Pour conserver son permis, le conseiller en sécurité financière doit suivre de la formation continue, tout comme son confrère en épargne collective. Or, selon Maxime Gauthier, les cours sur les fonds distincts sont très peu approfondis par rapport aux cours sur les valeurs mobilières ou les fonds communs.
«Cela veut dire que pour conserver son permis, le conseiller pourrait faire de la formation continue en produits d’assurance, mais ne jamais se mettre à jour sur les fonds distincts. Pourquoi la vente de fonds distincts ne serait pas une sous-composante du permis en assurance ? se demande Maxime Gauthier. L’idée est de s’assurer que le représentant comprend vraiment ce qu’il est en train de faire et qu’il fait la bonne chose pour son client», ajoute-t-il.
Cet avis est partagé par Michel Mailloux, qui constate aussi une méconnaissance des fonds distincts de la part des conseillers en sécurité financière. Tous les fonds distincts ne sont pas similaires, contrairement aux fonds communs.

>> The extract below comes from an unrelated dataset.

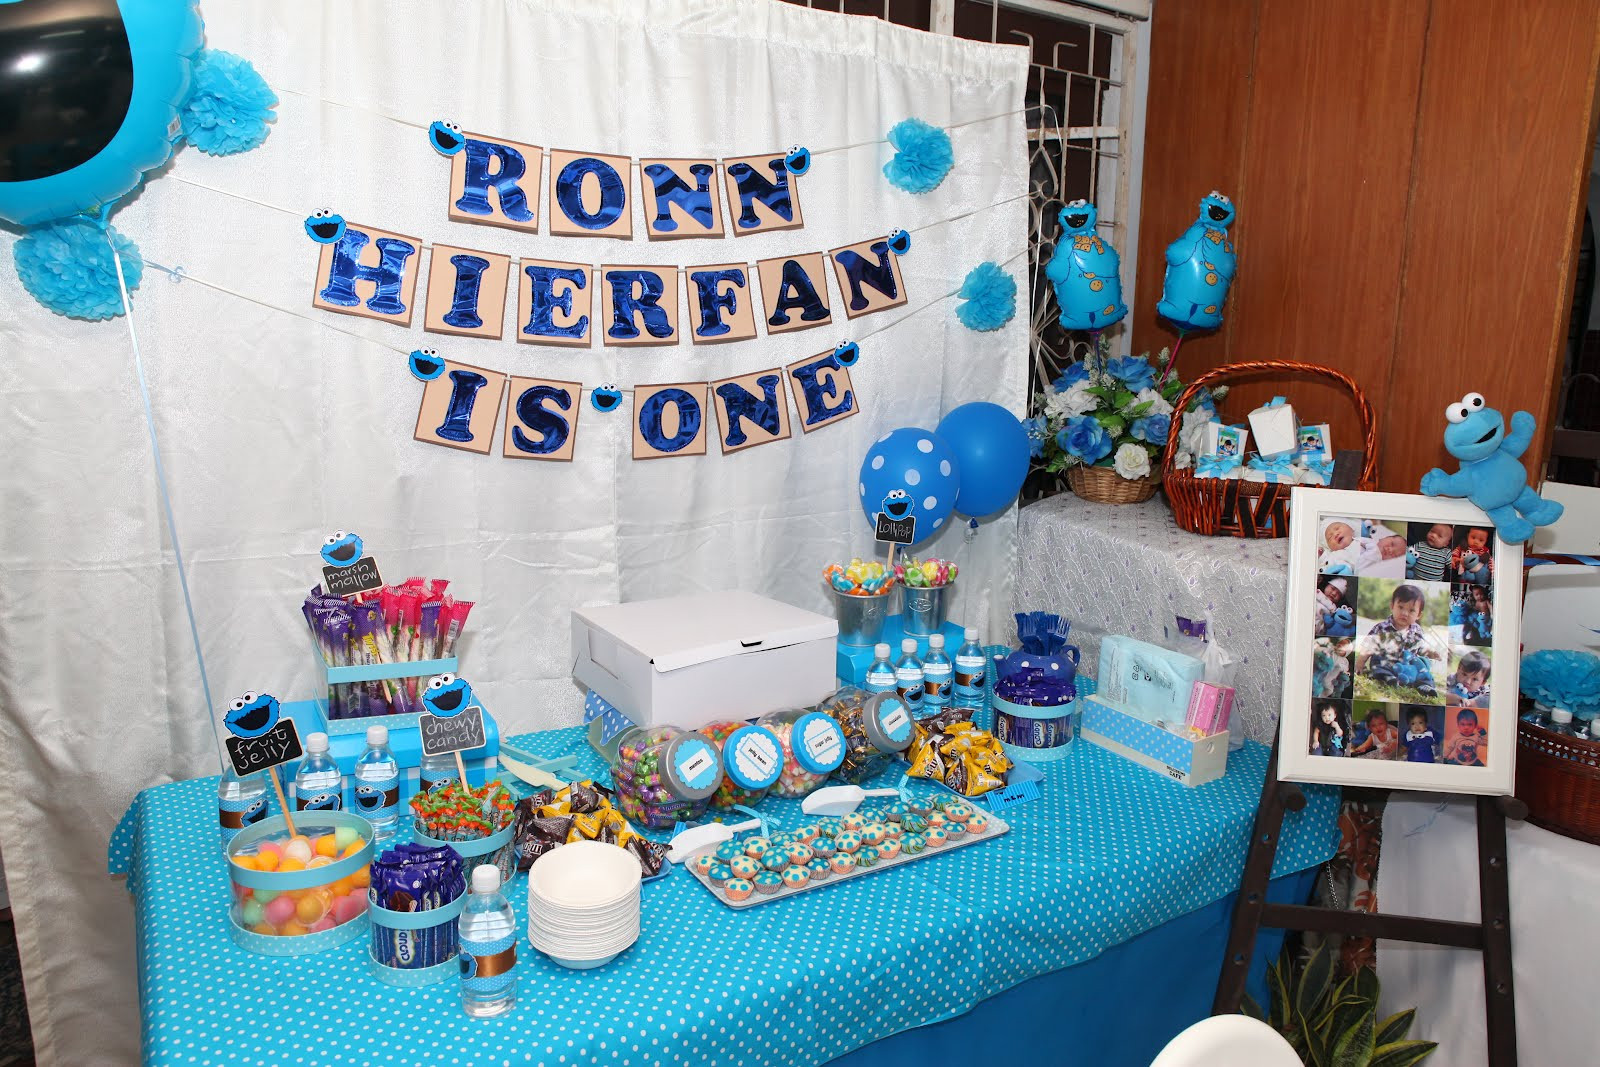 Cookie Monster Birthday Party Ideas
 Do sDesign Ronn s 1st COOKIE MONSTER BIRTHDAY PARTY

«Les produits d’assurance sont complexes, en particulier les polices d’assurance vie universelle, qui ont une composante en investissement en plus de l’aspect assurance», dit-il. Il déplore que les formations offertes aux conseillers soient souvent axées sur des produits en particulier plutôt que sur les principes et le fonctionnement de ce type de placement.